++++ Material provided ++++
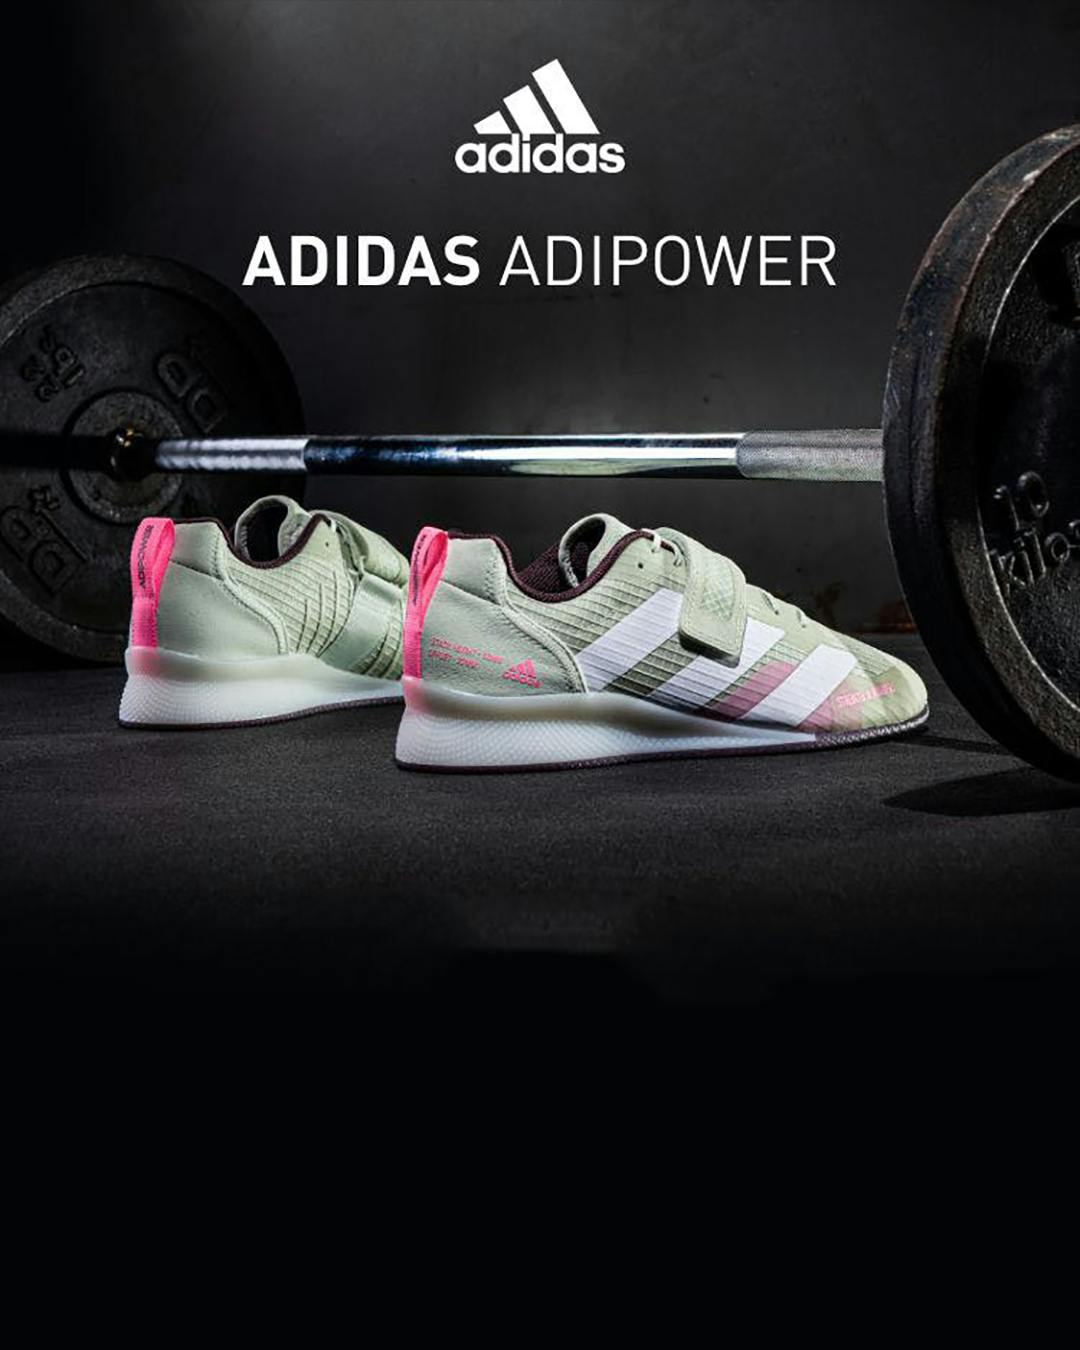 Adidas Adipower
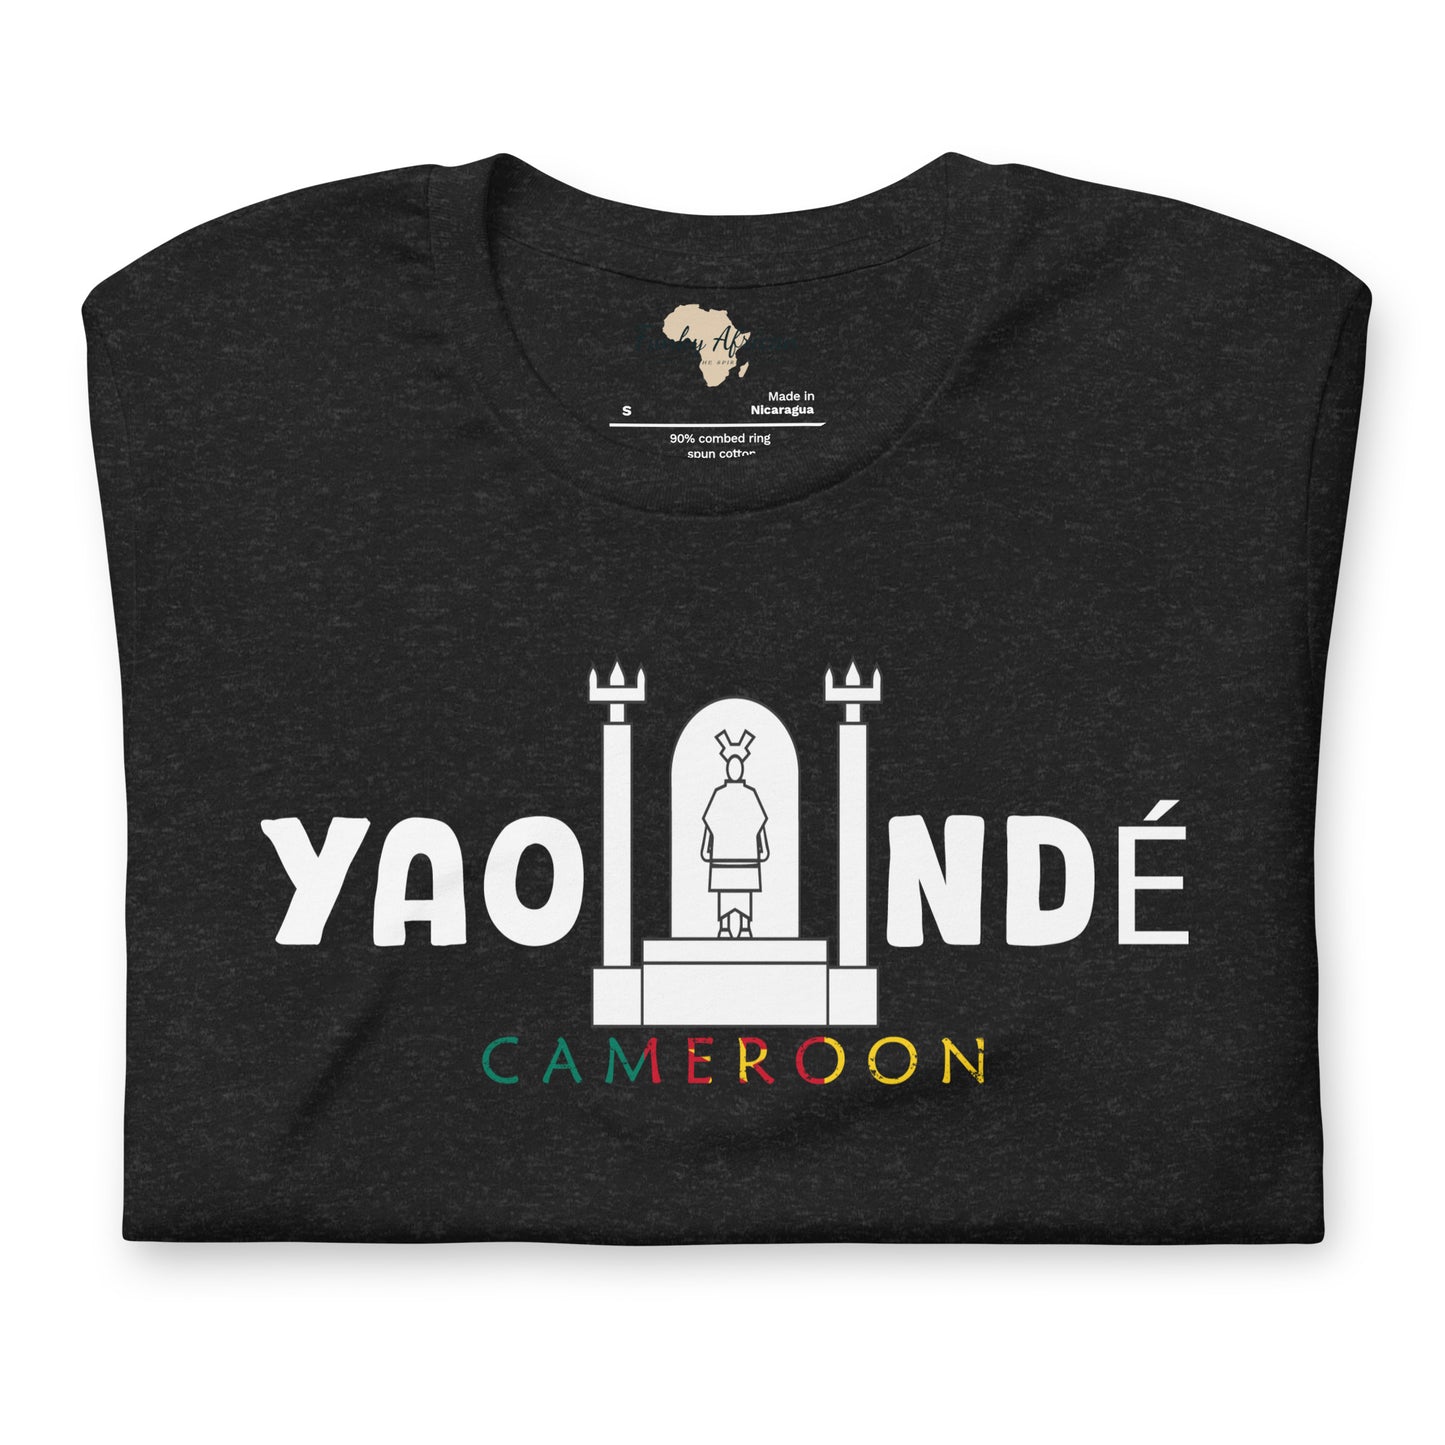 Cameroon capital unisex tee
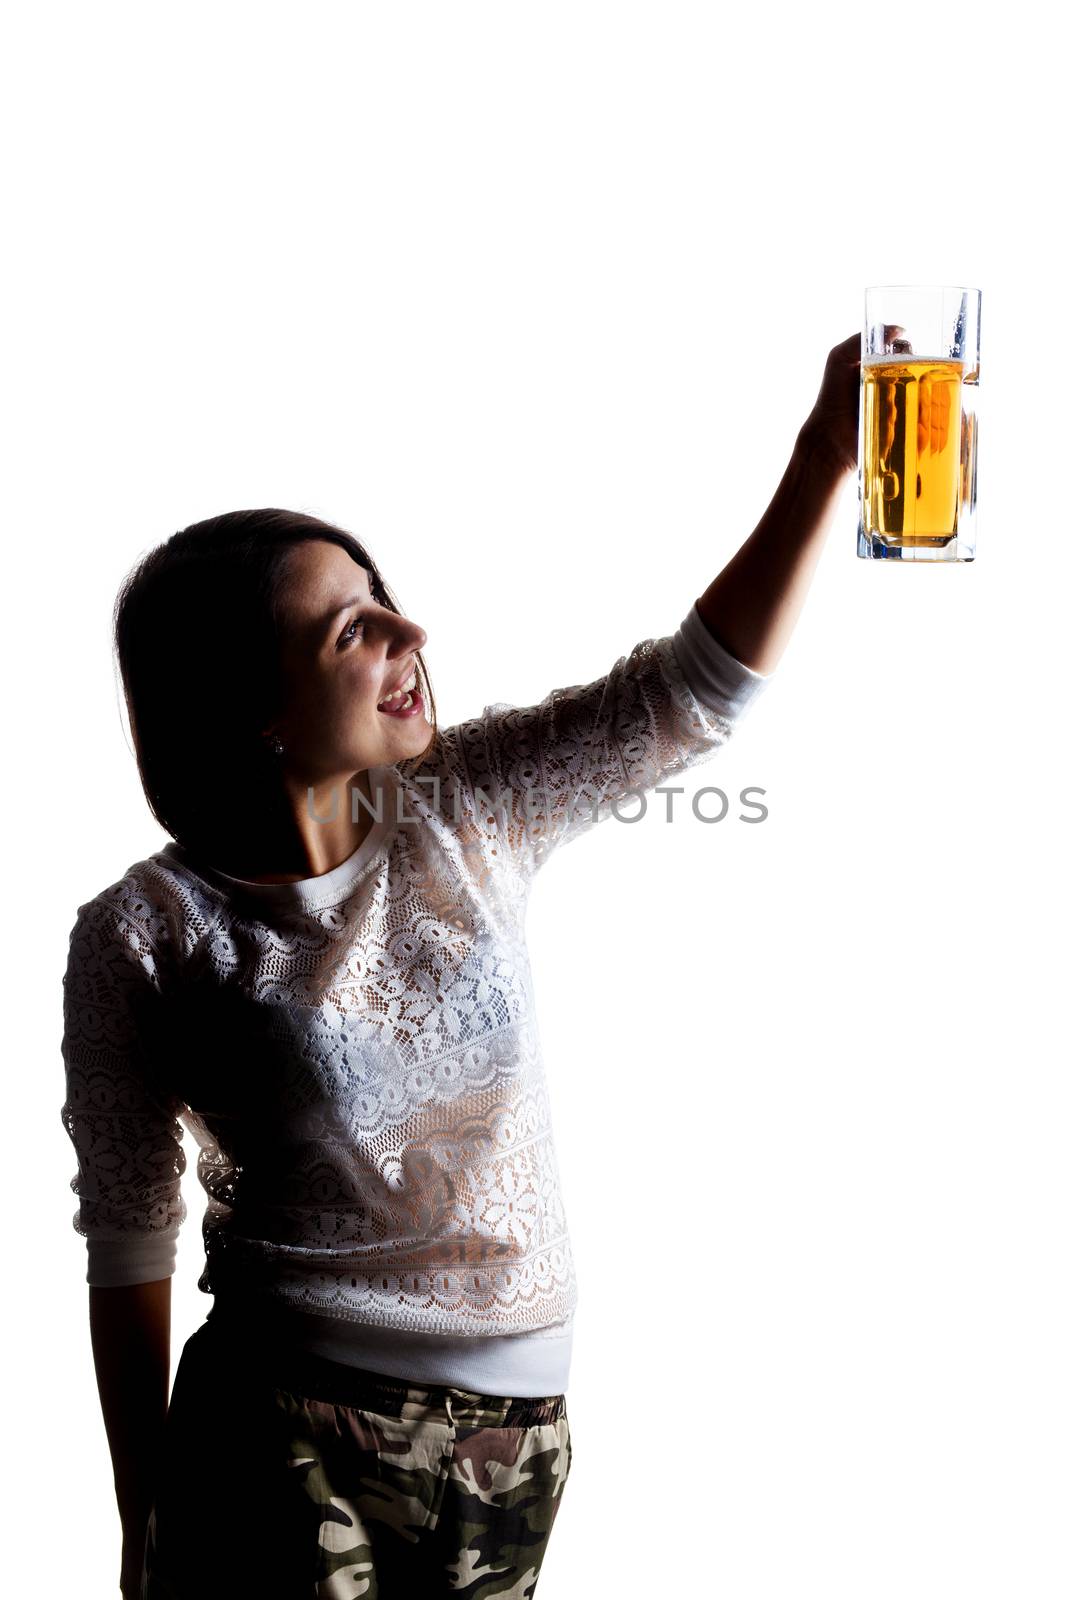 happy girl cheering with beer mug by kokimk
++++
Problem:
Each line above is to be repeated exactly as written; no picture is carried over.

Completed task:
 Adidas Adipower
 Cameroon capital unisex tee
 happy girl cheering with beer mug by kokimk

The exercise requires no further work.